Re: stalling IO regression since linux 5.12, through 5.18
From: Jan Kara
Date: Wed Aug 17 2022 - 12:31:14 EST
On Wed 17-08-22 11:09:26, Chris Murphy wrote:
>
>
> On Wed, Aug 17, 2022, at 7:49 AM, Jan Kara wrote:
>
> >
> > Another thing worth trying is to compile the kernel without
> > CONFIG_BFQ_GROUP_IOSCHED. That will essentially disable cgroup support in
> > BFQ so we will see whether the problem may be cgroup related or not.
>
> The problem happens with a 5.12.0 kernel built without
> CONFIG_BFQ_GROUP_IOSCHED.
Thanks for testing! Just to answer your previous question: This is
different from cgroup.disable=io because BFQ takes different code paths. So
this makes it even less likely this is some obscure BFQ bug. Why BFQ could
be different here from mq-deadline is that it artificially reduces device
queue depth (it sets shallow_depth when allocating new tags) and maybe that
triggers some bug in request tag allocation.

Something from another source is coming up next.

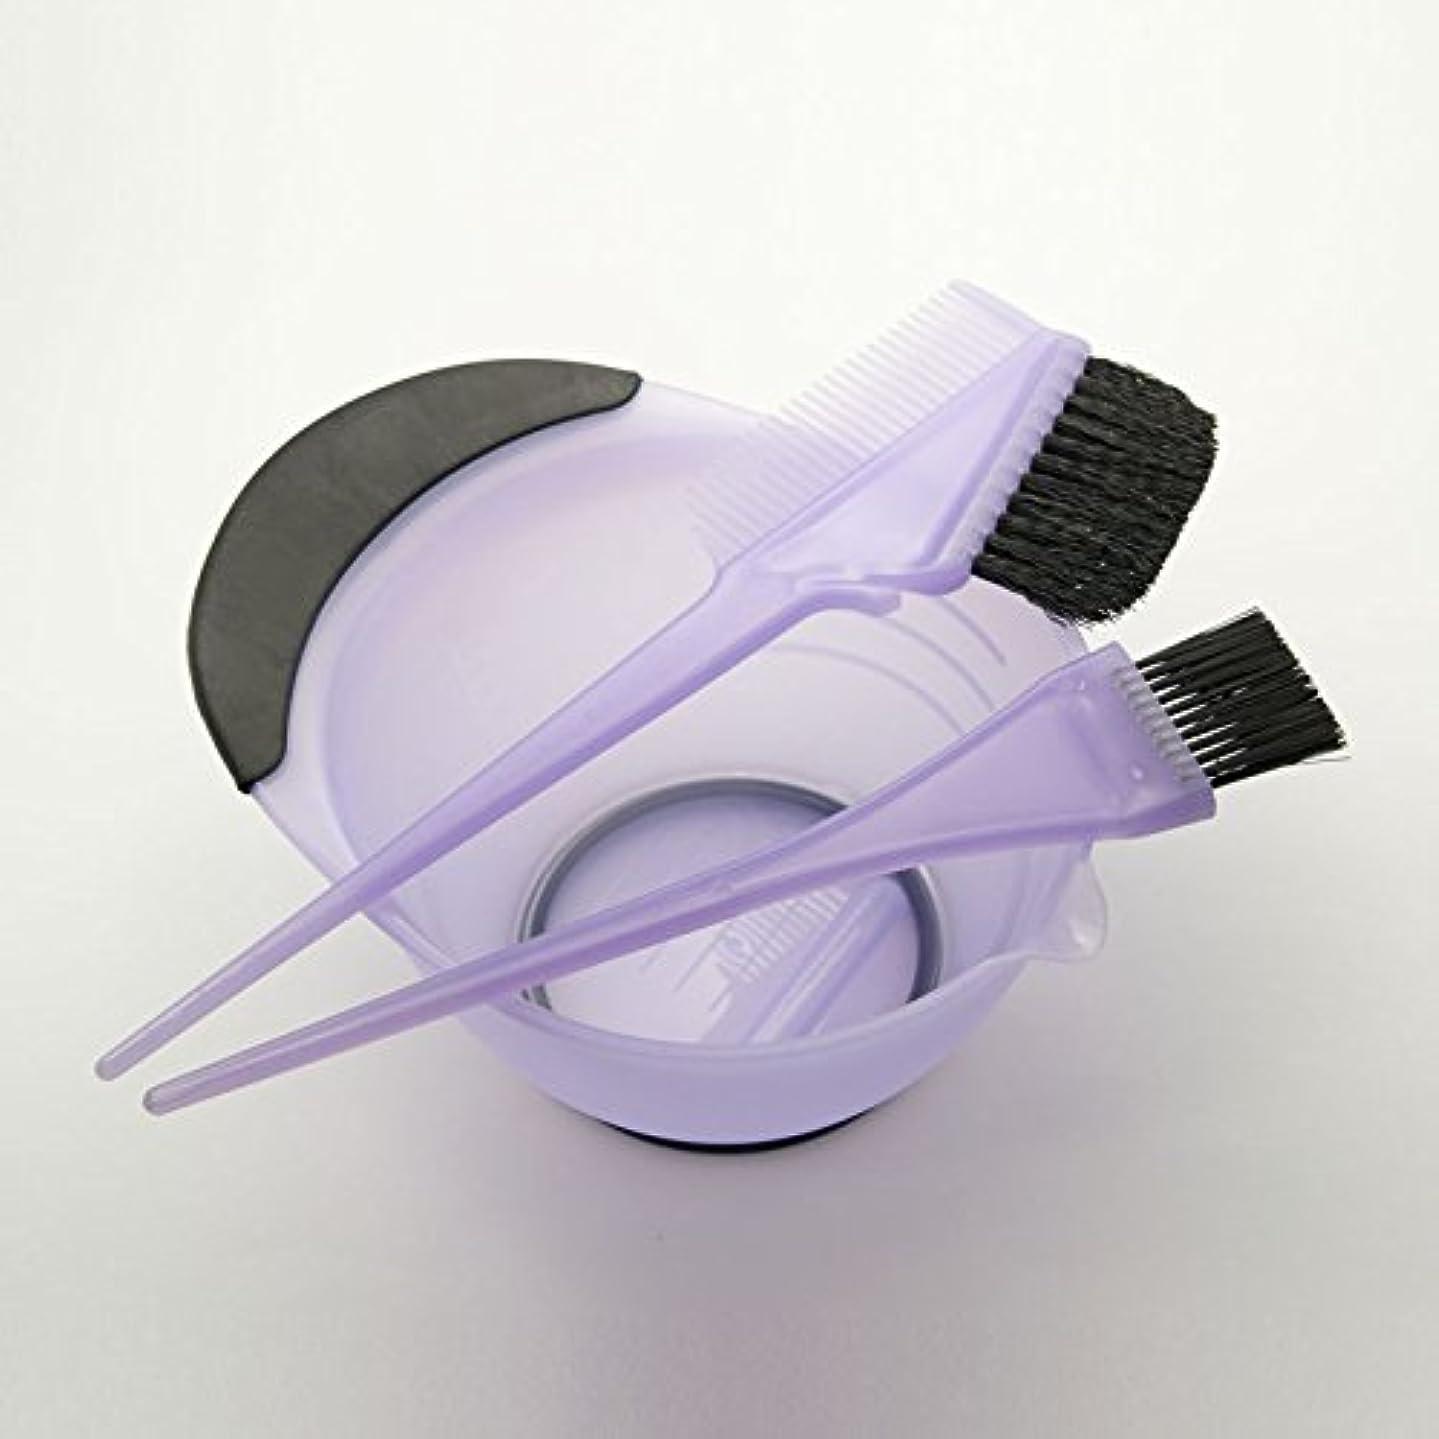 反乱戻すクアッガDEEDS E-0003 プロ用 ヘアカラーセット ラベンダー ヘアカラー カップ ブラシ セット
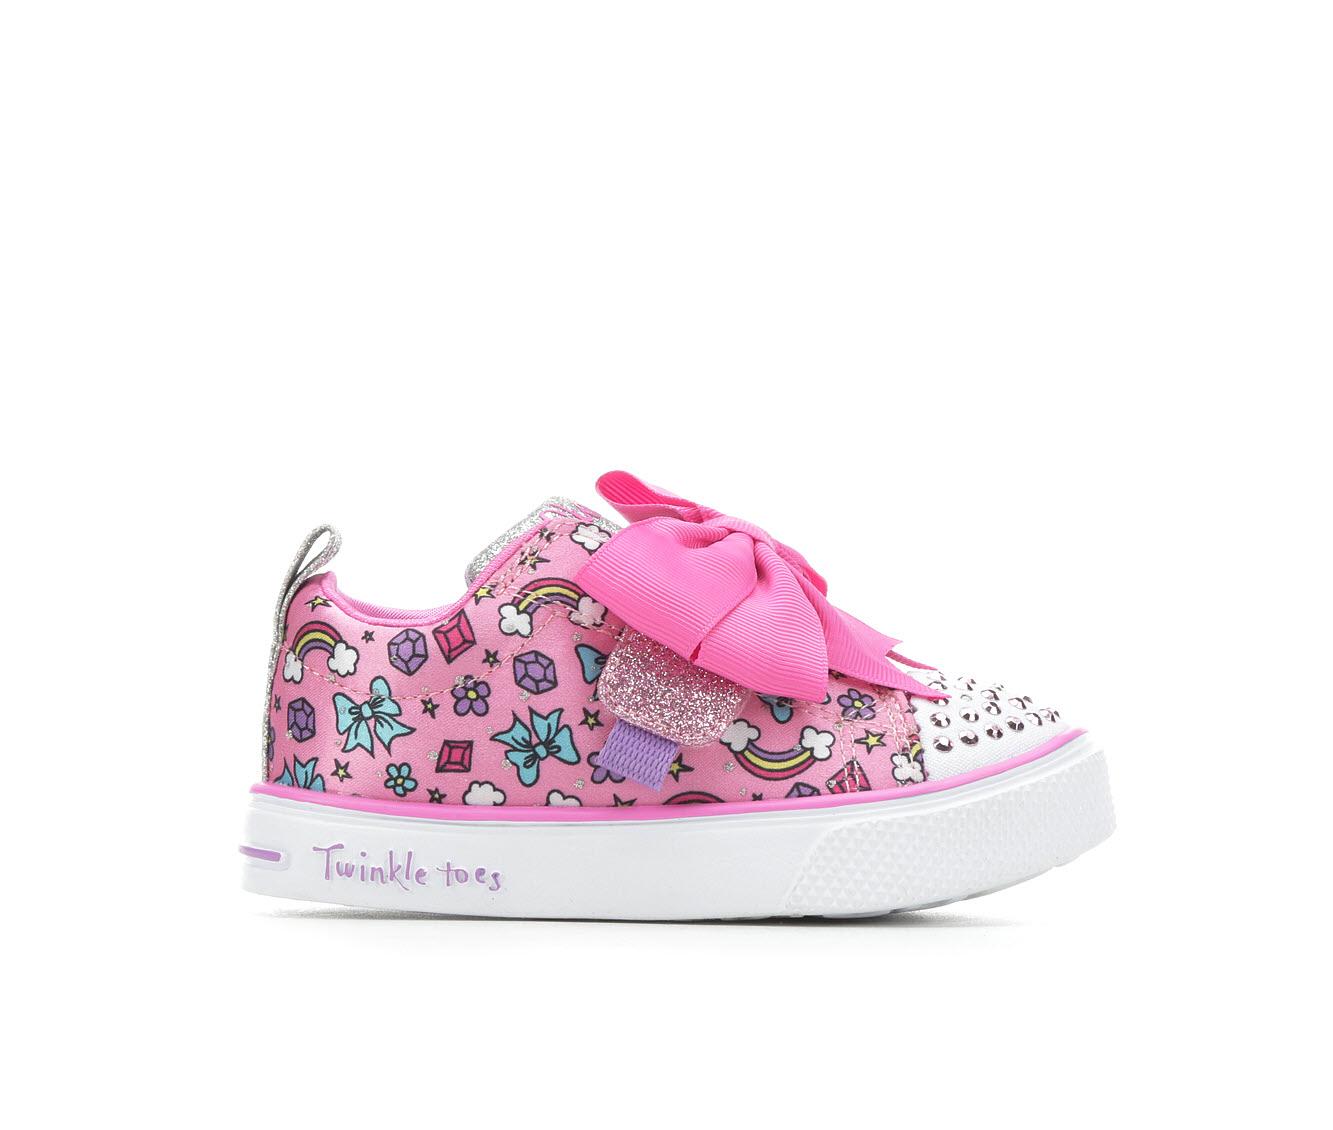 Girls' Skechers Toddler Twinkle Breeze

BTW, are you sure the first problematic kernel is 5.12? Because support for
shared tagsets was added to megaraid_sas driver in 5.11 (5.11-rc3 in
particular - commit 81e7eb5bf08f3 ("Revert "Revert "scsi: megaraid_sas:
Added support for shared host tagset for cpuhotplug"")) and that is one
candidate I'd expect to start to trigger issues. BTW that may be an
interesting thing to try: Can you boot with
"megaraid_sas.host_tagset_enable = 0" kernel option and see whether the
issue reproduces?
Honza
--
Jan Kara <jack@xxxxxxxx>
SUSE Labs, CR